Sunday 29 January 2012

Album Review: Royal Bangs: Flux Outside (2011)



By:Scott Jeffrey


Generally when I sit down to listen to an album it is possible to pick out the Mozart in the group. It’s the band member who drives a track with 3 minute guitar solos, epileptic drum lines and well, no polite way of saying it, flea’ing out on bass. 


The issue with Knoxville Tennessee   Natives Royal Bangs latest effort, Flux Outside is that there is no standout.  What we have here is a trio of Mozart’s. There is no power struggle for who carries the biggest musical peen. Instead a harmony. 


This band is wickedly tight, and on my journey through the album I was impressed, jaw droppingly so with some of the musical prowess displayed by each member  over this 12 track lp.


A very tough band to classify, the only real way to put a label on the band is to say that they use many elements from many genres. You’ll hear great arena rock vocals, southern rock harmonies. Glam rock guitars, Blues fuzz, Hard rock drums, even some 8 bit video game sounds. Experimental does not even begin to describe the pop/indie/rock sound this band has. Talk about them for 3 minutes and you sound so hipster it hurts. 


Launched into the album with Grass Helmet, you are half expecting it to be a Tokyo police club song. Bass and drums work together to make sure you feel this in your chest, it would be a really fun song for a live show. This is the first song on the album which displays the interweaving vocal harmonies Ryan Schaefer brings to the table. The only real comparison I can attach to this would be a similar style used by the Trews. Only the lyrics on this album seem to have real meaning, poetry even. (Not that “I’m not ready to go” does not have its own form of poetry, which seems to make the most sense after 8-10 drinks.) 


Dim Chamber is actually the song that attracted me to the album, with its fuzzy bass and guitar, this is a standout song that could almost be a funeral march. With twinkling piano rolls faintly heard in the background, the bass kicks in and takes this from an amazing grace, to an arena anthem. 


Bull Elk starts off with  a wrist-breaker of a drum line that comes in and out throughout the whole song. Reminiscent of muse or even The Mars Volta the arrangement would be a nightmare to perform. This track is just a wall of sound.

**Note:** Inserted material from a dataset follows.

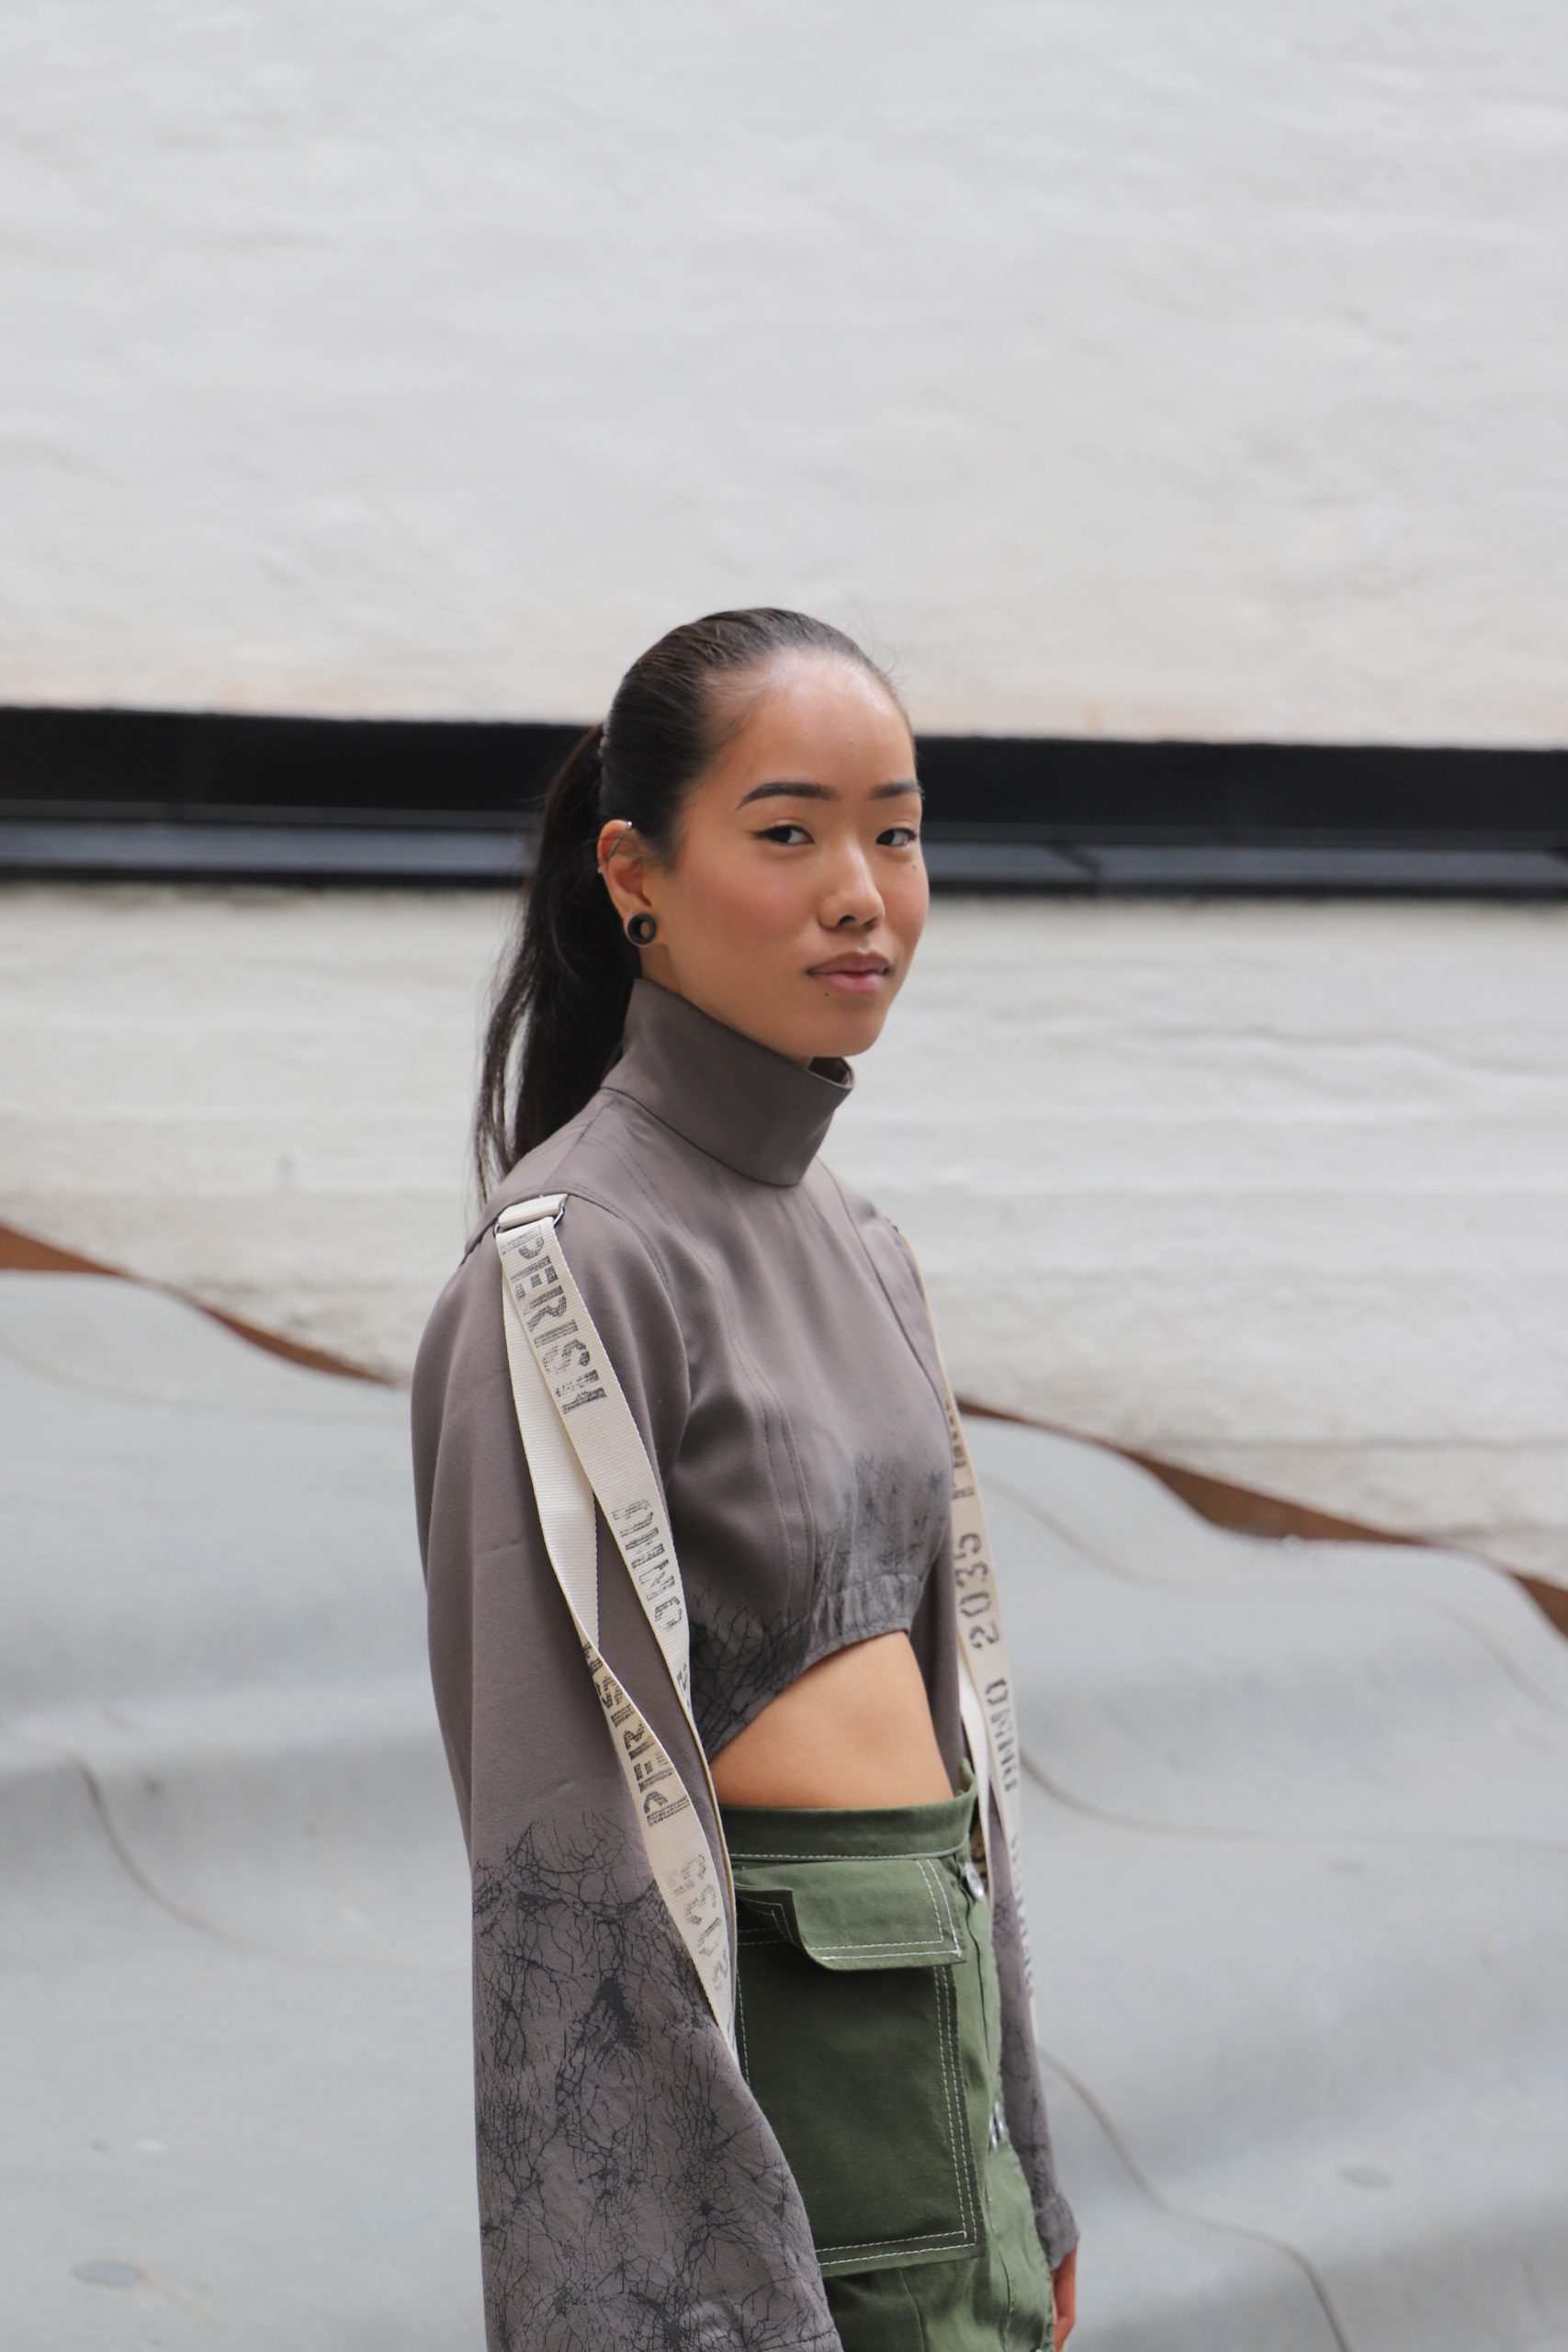 Anna wearing a grey cropped turtleneck with white straps on sleeves paired with a green skirt with cargo pocket.

By no means the catchiest song on the album it does have a certain “wow” factor and shows that these guys are really no slouches when it comes to their instruments. 


For a dirty bluesy track Slow Cathedral Melt opens with a very cool bass lick and builds from a slow and downtrodden tune into a huge high note bringing back that massive sound wall these three men are capable of creating. 


I could go on and on about tracks on this album as each one has a really unique quality.


This is not a radio friendly album because the material is sort of un-focused, I wouldn’t say there are any true stand out radio singles. Some of the songs do a bit too much experimenting with electronic sounds where a simple lo-fi approach could have created a very different/ potentially better product.


I will say about this album, is that it is something very refreshing and different, it should be listened to loudly, it is worth hearing the Royal Bangs wall of sound for all it is.